Information supplied -
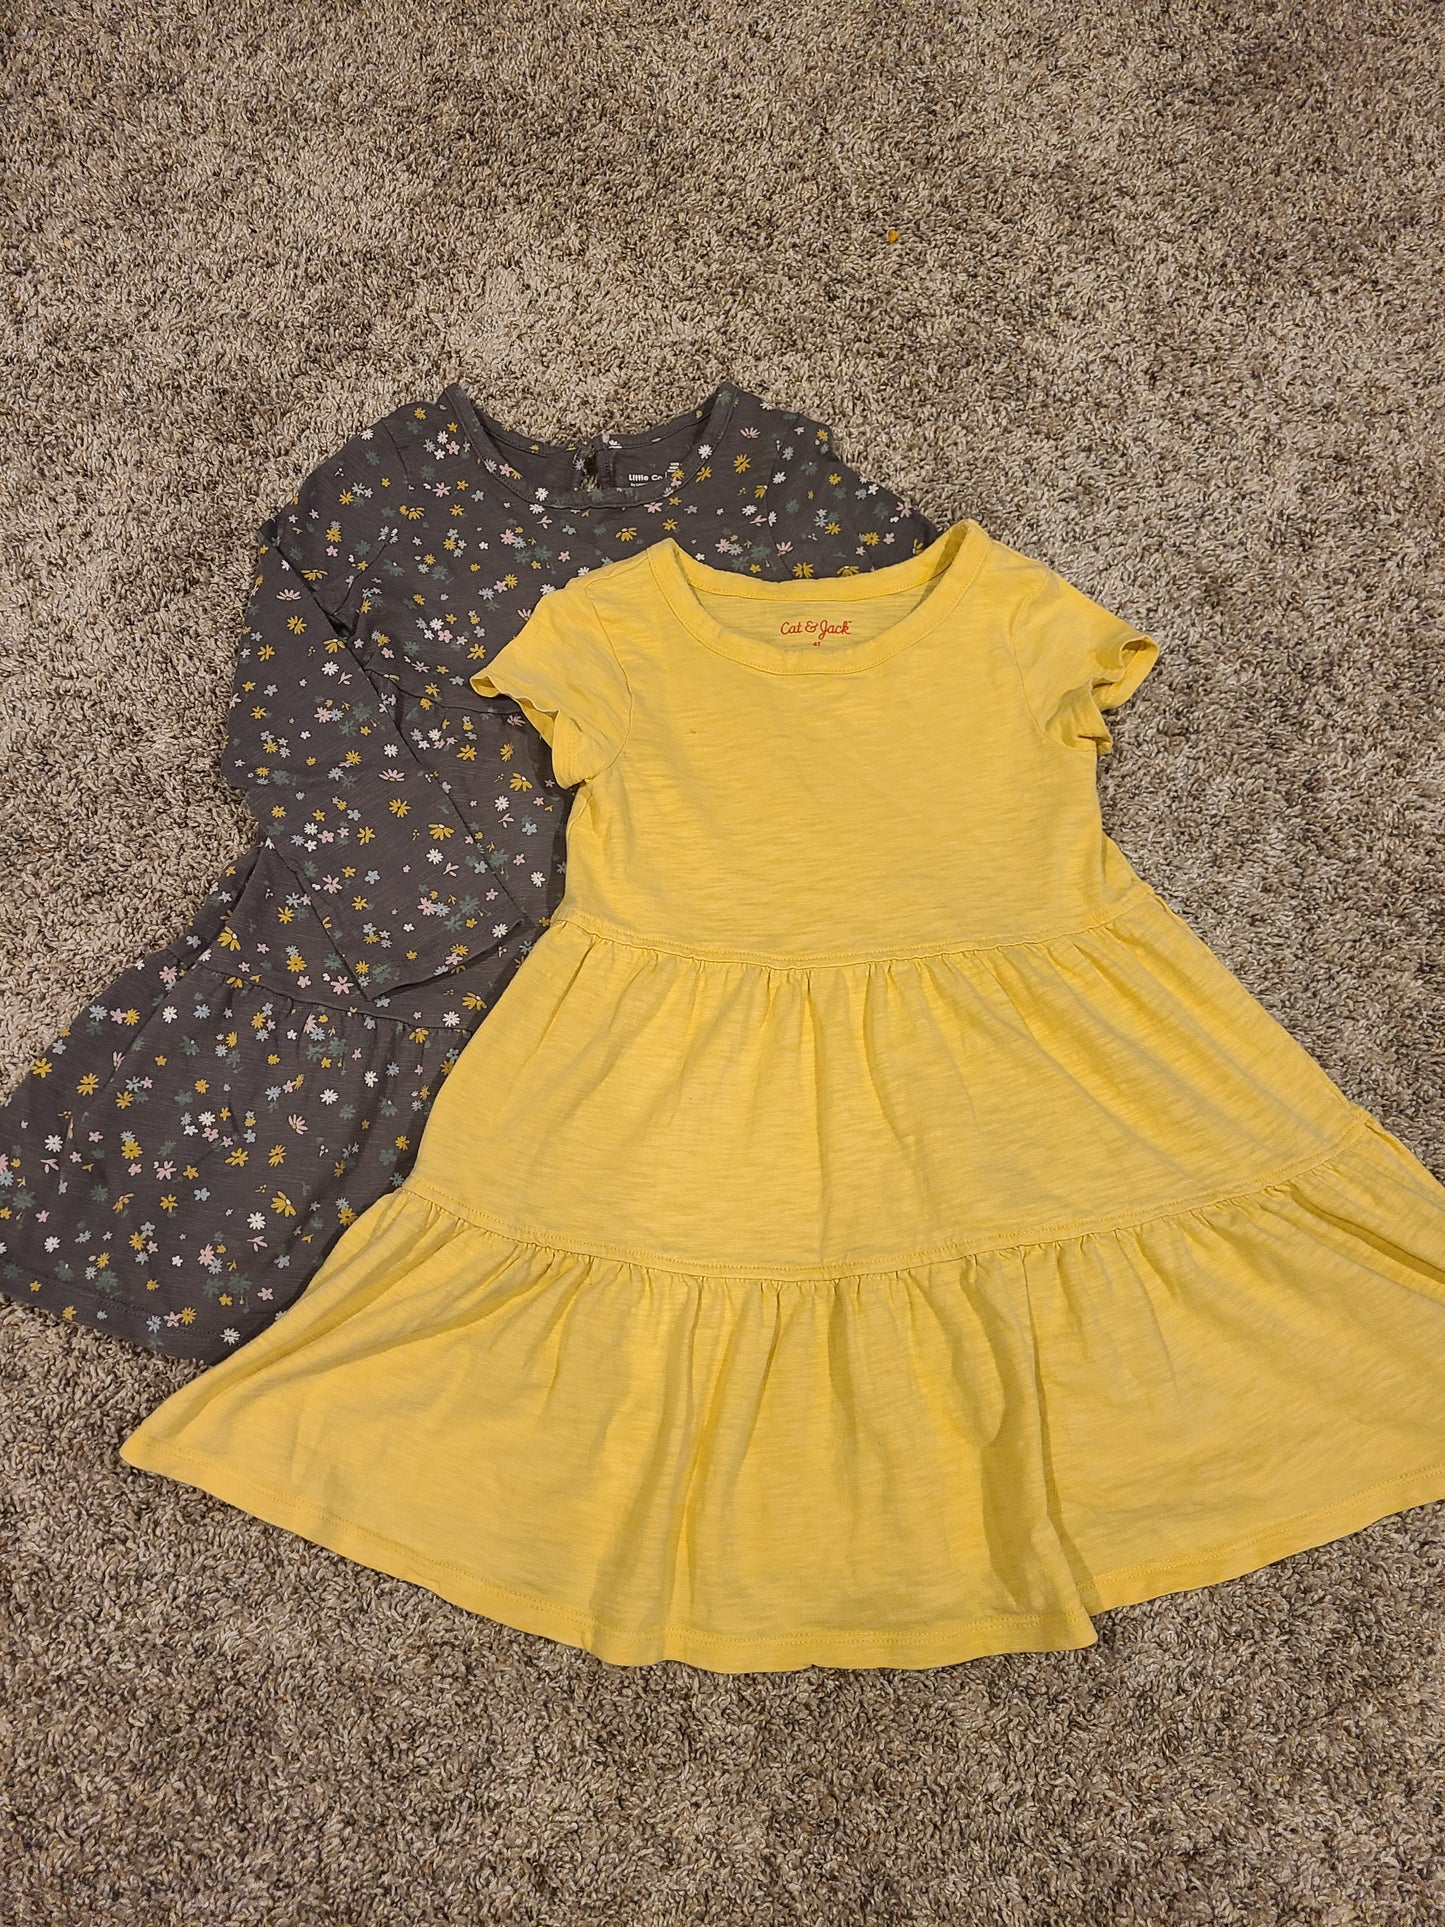 Girl's 4T Dresses Cat & Jack and Little Co bundle
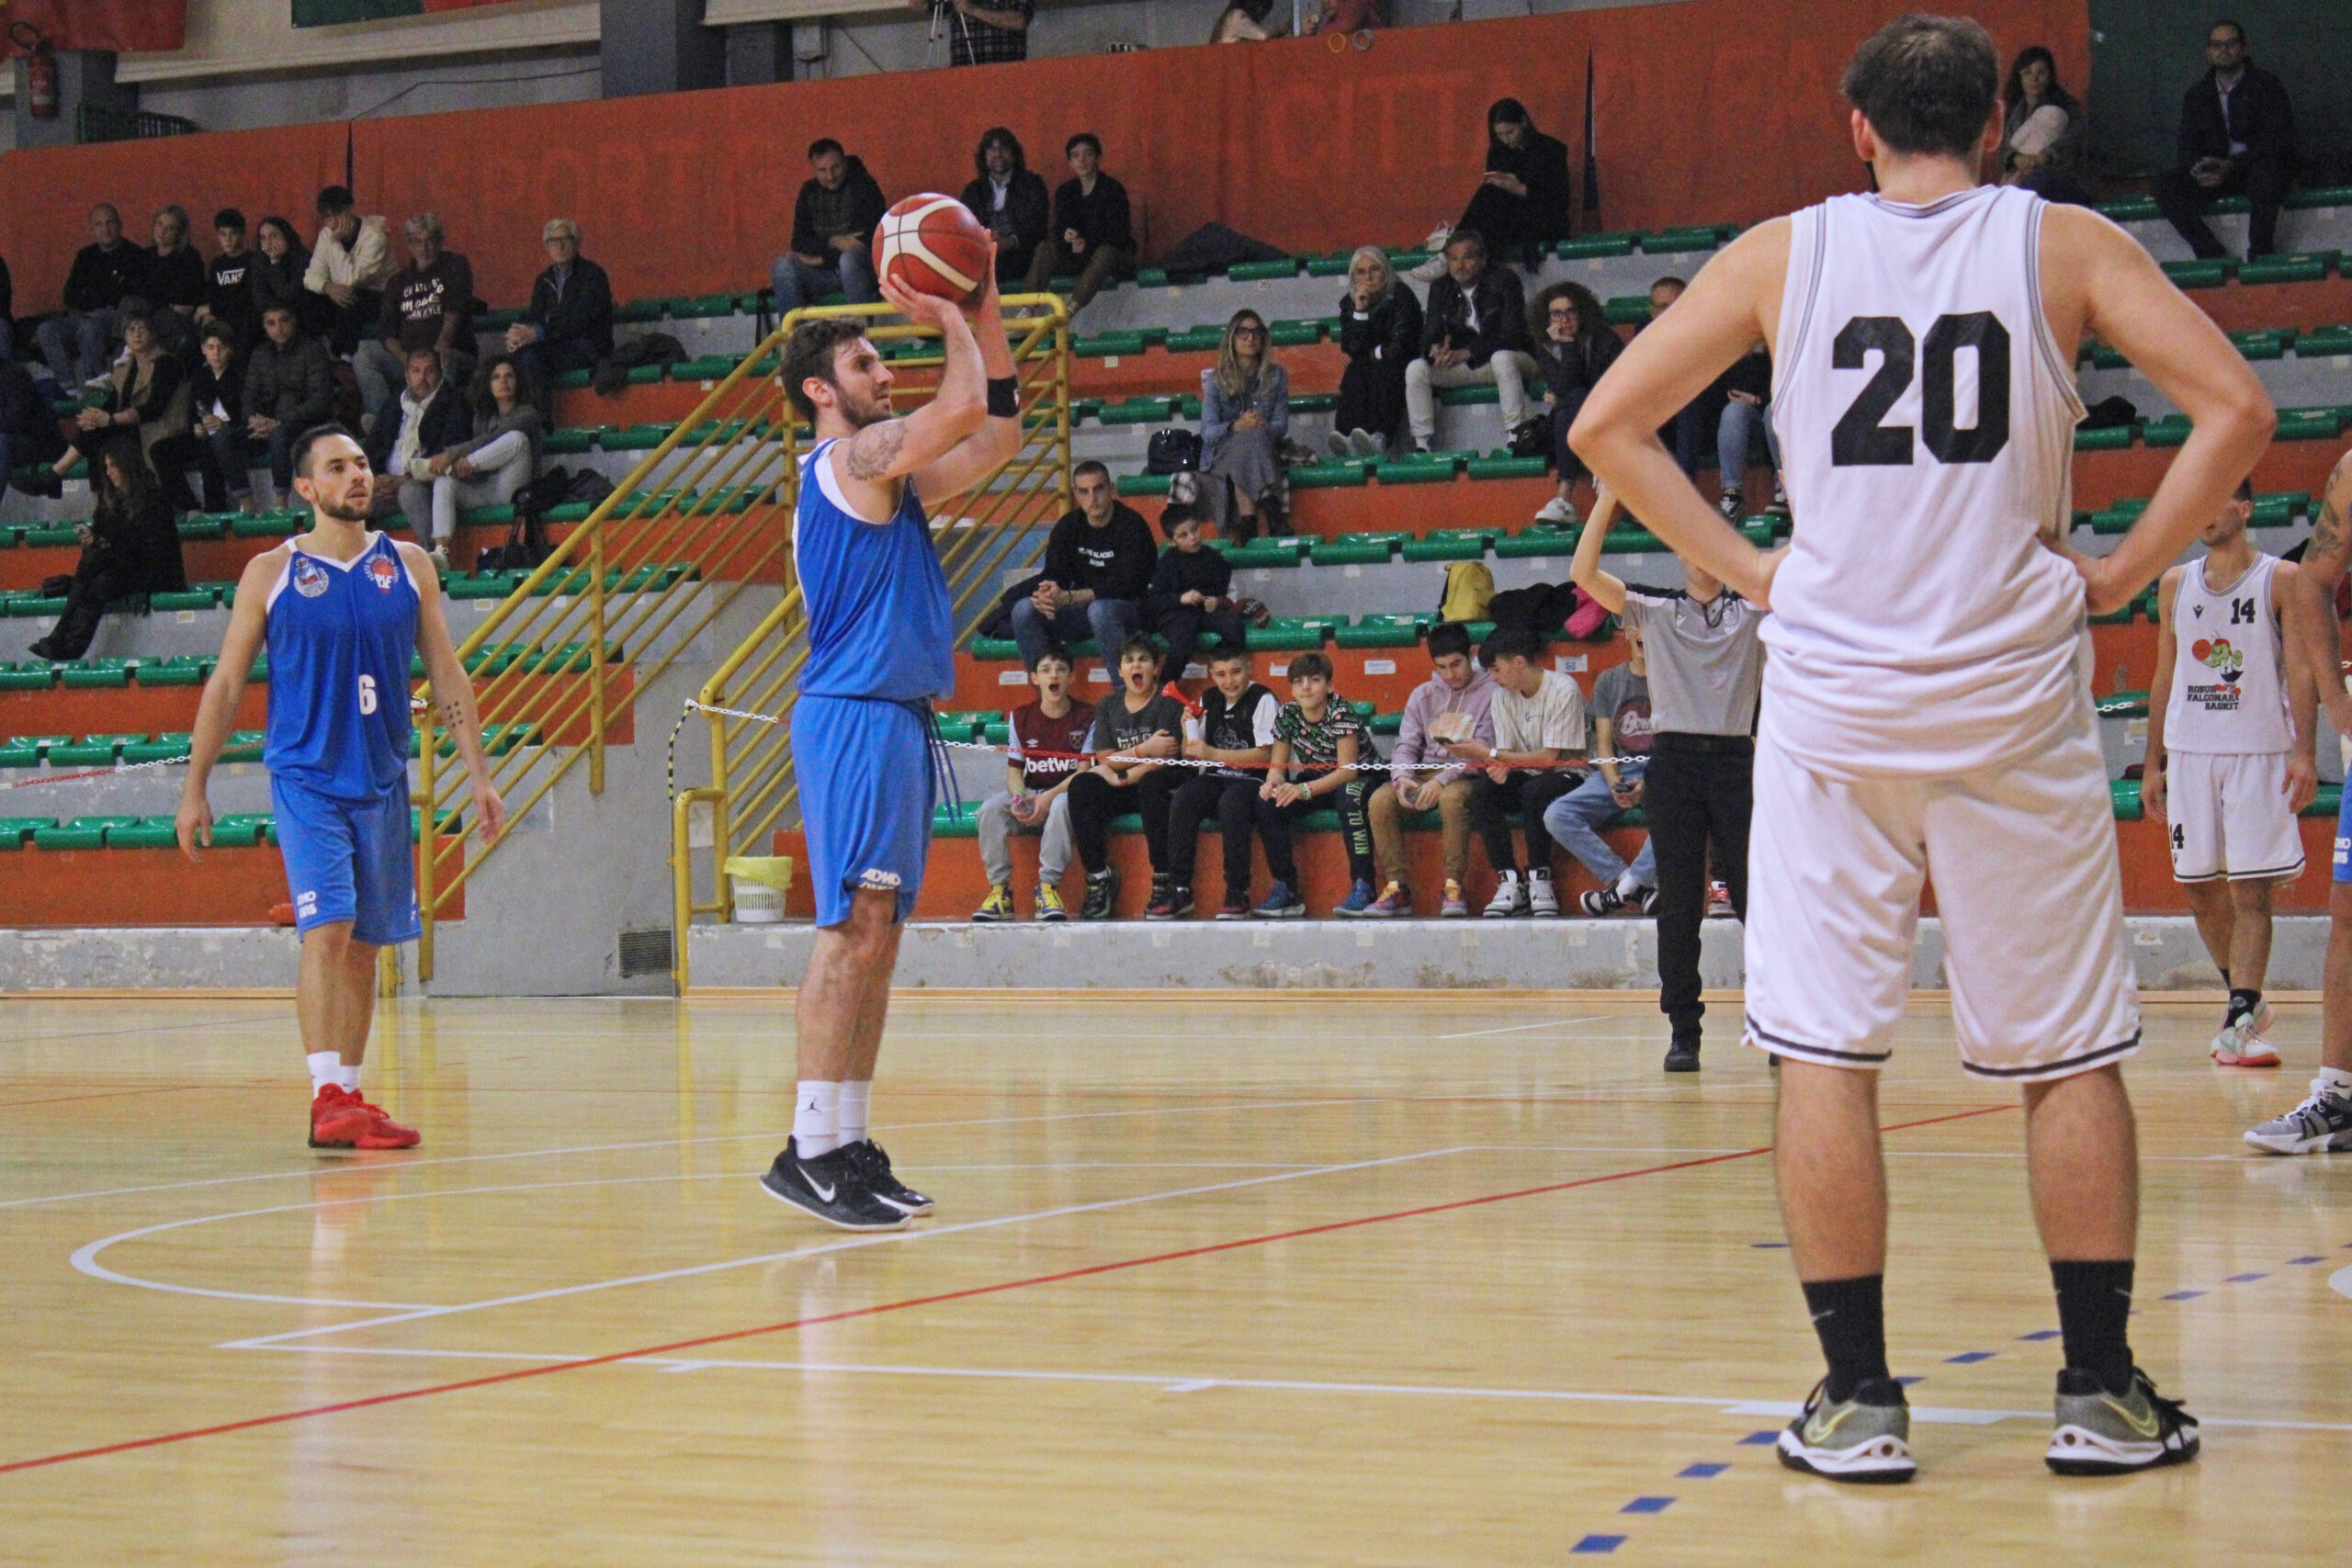 Falconara Basket - PSE Basket 65-73: definizione di 
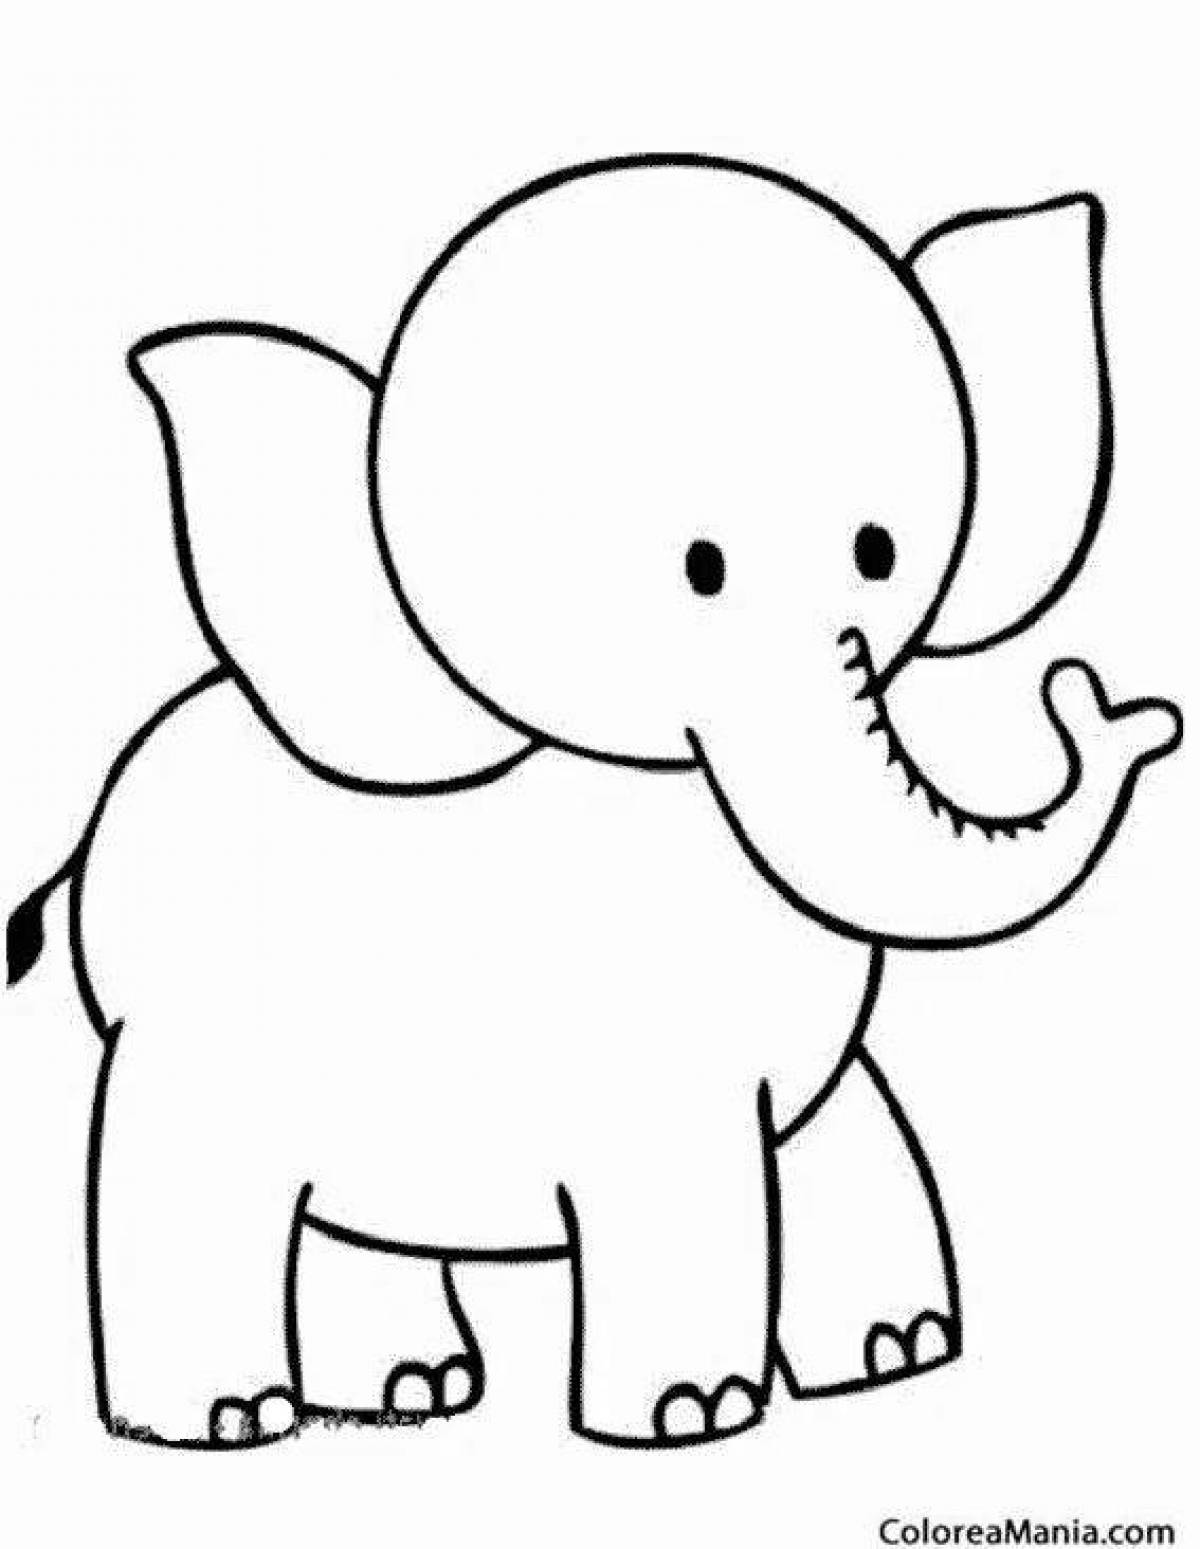 Glitter elephant coloring for kids

Exercise objective -
Copy out every line of the data above, taking care to leave the pictures out.

Written response -
 Girl's 4T Dresses Cat & Jack and Little Co bundle
 Falconara Basket - PSE Basket 65-73: definizione di 
 Glitter elephant coloring for kids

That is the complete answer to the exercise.